On Saturday, she couldn't have gone to the East if she wanted to. For the third day in a row, the East German authorities shut down crossings into the communist sector, refusing entry to thousands of foreign tourists and West Germans, including those with relatives in the East.
Border guards told those who were turned away they could not process their applications for day visas, which normally are granted on the spot.
At Checkpoint Charlie, the city's most famous crossing point, security was tightened in an apparent attempt by the East German government to discourage possible demonstrations.
With the crossing point closed, a larger-than-normal crowd of tourists lingered around the checkpoint, taking pictures of the East German guards who in turn took pictures of them.
With the mass exodus of more than 40,000 East Germans to the West in the past month, the brave - and often ultimately tragic - tales of the efforts of thousands of their countrymen to escape through the wall over the past 28 years seem from a bygone era.
Since 1961, when the wall went up, 191 people have been shot and killed by East German soldiers as they tried to flee across it. The last killing was just eight months ago, on the night of Feb. 5-6, a fact recorded by the Wall Museum at Checkpoint Charlie. The last reported shooting was last month, according to the museum staff.
Viewed from the Western side in daylight, however, the Wall seems almost playful.

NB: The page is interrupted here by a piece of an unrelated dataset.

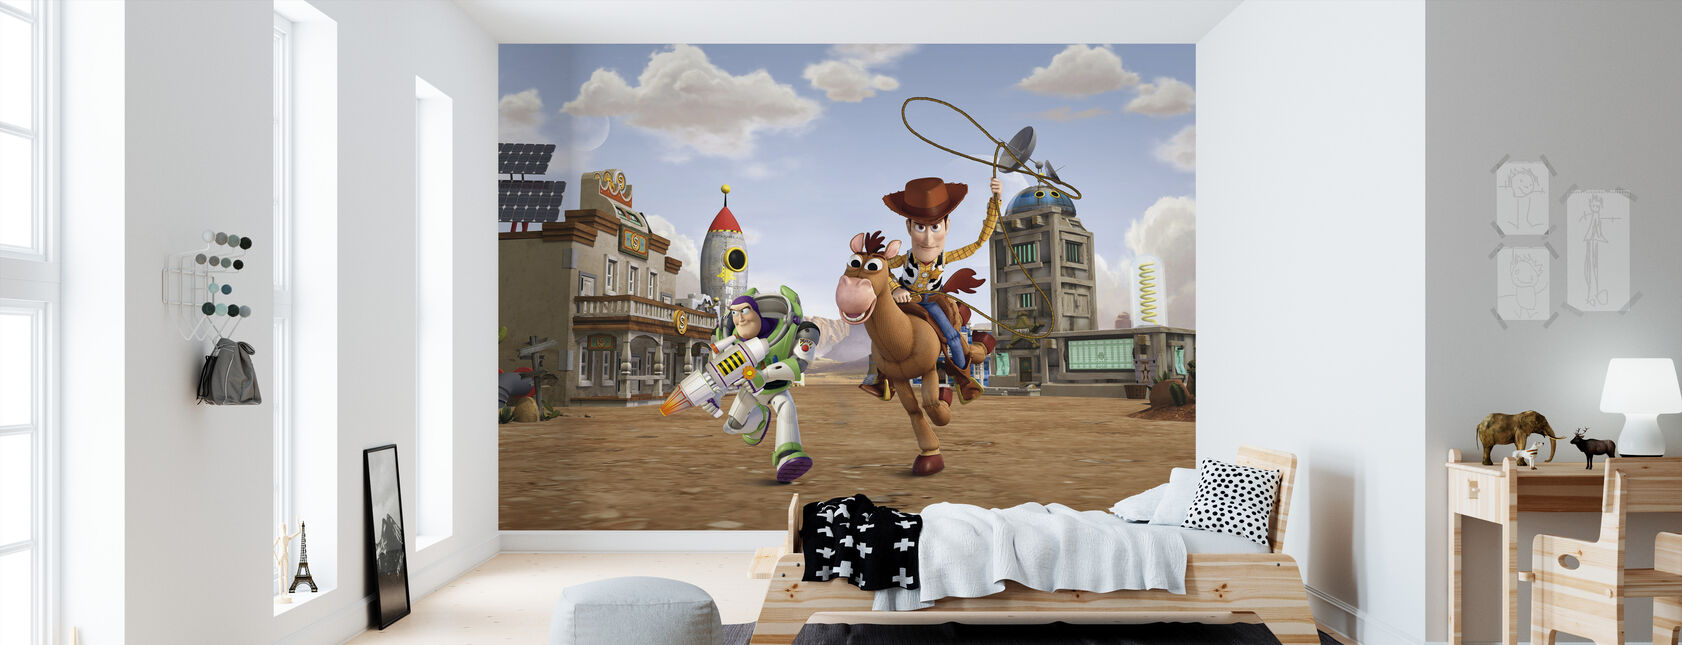 Toy Story - Napakymppi Woody Buzz Lightyear - Tapetti - Lastenhuone

It's a billboard for a joyful expression of freedom - in day-glow spray paint. The effect combines what could be found on the interior wall of a lavatory and the trains of the New York subway before graffiti-resistant paint.
It's a tourist attraction. The bold splashes of paint from untamed urban artists that cover the Wall from top to bottom provide a colorful backdrop for hundreds of tourist photos snapped along it each day.
Nearby, scrawled on the wall in fresh white paint were two slogans: "This Wall is an Illusion," said one. "Love is Thicker than Concrete," said the other.